Source data:
* * *

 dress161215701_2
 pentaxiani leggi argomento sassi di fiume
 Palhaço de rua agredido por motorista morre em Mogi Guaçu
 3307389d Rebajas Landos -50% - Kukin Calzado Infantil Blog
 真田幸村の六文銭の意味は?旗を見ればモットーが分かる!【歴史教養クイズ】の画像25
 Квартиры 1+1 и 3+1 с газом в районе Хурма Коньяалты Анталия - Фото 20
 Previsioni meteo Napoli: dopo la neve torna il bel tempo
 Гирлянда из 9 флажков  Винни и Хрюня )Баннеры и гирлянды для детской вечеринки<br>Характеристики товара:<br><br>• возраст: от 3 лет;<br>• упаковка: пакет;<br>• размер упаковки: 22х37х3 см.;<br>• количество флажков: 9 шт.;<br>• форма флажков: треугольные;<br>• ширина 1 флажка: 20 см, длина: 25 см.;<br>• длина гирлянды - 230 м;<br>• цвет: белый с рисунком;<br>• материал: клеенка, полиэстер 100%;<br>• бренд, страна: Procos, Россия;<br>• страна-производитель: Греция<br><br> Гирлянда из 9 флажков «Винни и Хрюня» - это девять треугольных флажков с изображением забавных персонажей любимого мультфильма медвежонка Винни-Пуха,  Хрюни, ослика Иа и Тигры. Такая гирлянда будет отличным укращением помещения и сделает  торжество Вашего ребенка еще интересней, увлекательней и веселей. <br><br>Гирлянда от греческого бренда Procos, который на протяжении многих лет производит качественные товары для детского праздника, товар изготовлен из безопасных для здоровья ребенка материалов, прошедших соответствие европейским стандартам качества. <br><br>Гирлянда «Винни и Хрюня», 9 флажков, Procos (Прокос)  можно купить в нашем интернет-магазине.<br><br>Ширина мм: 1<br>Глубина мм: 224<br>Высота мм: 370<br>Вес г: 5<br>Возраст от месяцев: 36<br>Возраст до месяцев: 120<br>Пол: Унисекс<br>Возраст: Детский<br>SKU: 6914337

* * *

--- WORK TASK ---
Copy the entries word for word. Start at the first line and end with the line containing "Previsioni meteo Napoli: dopo".

--- EXERCISE SOLUTION ---
 dress161215701_2
 pentaxiani leggi argomento sassi di fiume
 Palhaço de rua agredido por motorista morre em Mogi Guaçu
 3307389d Rebajas Landos -50% - Kukin Calzado Infantil Blog
 真田幸村の六文銭の意味は?旗を見ればモットーが分かる!【歴史教養クイズ】の画像25
 Квартиры 1+1 и 3+1 с газом в районе Хурма Коньяалты Анталия - Фото 20
 Previsioni meteo Napoli: dopo la neve torna il bel tempo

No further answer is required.